*** Begin section ***

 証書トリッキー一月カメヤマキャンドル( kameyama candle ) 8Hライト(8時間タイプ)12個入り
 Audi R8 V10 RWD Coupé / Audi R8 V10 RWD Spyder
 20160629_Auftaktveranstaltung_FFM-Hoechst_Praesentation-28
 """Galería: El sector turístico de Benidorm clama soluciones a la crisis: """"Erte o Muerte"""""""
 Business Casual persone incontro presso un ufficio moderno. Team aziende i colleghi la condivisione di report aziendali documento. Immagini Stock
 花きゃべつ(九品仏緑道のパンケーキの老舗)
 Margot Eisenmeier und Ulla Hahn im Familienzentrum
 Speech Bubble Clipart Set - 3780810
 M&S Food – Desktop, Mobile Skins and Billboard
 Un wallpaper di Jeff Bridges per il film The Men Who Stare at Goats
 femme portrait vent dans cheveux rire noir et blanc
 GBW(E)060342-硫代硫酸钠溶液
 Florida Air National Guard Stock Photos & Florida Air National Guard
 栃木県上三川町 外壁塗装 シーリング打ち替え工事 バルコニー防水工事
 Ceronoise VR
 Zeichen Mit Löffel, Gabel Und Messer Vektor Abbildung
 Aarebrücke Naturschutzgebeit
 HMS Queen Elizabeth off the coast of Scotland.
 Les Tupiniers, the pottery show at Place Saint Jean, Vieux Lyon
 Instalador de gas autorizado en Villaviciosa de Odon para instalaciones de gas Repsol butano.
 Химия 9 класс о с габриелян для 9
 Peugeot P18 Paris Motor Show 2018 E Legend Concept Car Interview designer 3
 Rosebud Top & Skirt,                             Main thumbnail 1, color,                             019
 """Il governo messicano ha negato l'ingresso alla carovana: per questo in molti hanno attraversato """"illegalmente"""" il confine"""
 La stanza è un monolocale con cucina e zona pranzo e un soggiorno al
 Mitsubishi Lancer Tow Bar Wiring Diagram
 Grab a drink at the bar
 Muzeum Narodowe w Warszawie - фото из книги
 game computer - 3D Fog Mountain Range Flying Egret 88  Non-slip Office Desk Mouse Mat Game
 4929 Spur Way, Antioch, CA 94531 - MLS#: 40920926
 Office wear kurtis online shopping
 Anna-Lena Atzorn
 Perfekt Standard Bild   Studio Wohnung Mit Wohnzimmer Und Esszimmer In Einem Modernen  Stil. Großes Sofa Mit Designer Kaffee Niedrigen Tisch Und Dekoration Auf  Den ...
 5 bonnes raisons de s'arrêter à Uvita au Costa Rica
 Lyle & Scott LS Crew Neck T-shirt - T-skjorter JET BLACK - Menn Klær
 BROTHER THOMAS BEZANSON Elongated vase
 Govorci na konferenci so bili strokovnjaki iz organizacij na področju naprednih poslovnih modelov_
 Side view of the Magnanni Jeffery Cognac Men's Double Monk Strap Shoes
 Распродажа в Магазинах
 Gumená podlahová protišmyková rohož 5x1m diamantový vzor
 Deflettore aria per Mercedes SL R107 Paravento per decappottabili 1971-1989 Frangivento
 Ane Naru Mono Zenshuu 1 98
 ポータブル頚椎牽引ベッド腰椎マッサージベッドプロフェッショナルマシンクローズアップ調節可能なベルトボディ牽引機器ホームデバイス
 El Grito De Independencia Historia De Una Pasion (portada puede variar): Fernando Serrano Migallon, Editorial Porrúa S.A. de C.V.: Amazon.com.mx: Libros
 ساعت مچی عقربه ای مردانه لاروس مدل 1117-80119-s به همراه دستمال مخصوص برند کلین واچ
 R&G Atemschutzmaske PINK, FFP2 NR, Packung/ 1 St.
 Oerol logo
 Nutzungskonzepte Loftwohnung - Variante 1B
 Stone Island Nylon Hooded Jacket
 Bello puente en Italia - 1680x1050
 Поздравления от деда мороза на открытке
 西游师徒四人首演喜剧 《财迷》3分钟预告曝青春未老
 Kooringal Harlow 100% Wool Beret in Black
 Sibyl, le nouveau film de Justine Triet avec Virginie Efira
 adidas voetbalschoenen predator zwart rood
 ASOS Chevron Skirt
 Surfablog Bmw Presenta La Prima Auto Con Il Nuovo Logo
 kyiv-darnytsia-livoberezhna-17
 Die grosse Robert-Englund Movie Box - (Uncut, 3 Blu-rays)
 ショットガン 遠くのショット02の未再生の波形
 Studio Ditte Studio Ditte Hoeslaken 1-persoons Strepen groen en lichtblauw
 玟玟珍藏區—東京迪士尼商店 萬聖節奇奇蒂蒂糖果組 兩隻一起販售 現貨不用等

*** End section ***

→ Goal of the exercise
Using the listing above, pull out all lines that hold the word "film".

→ Completed task
 Un wallpaper di Jeff Bridges per il film The Men Who Stare at Goats
 Sibyl, le nouveau film de Justine Triet avec Virginie Efira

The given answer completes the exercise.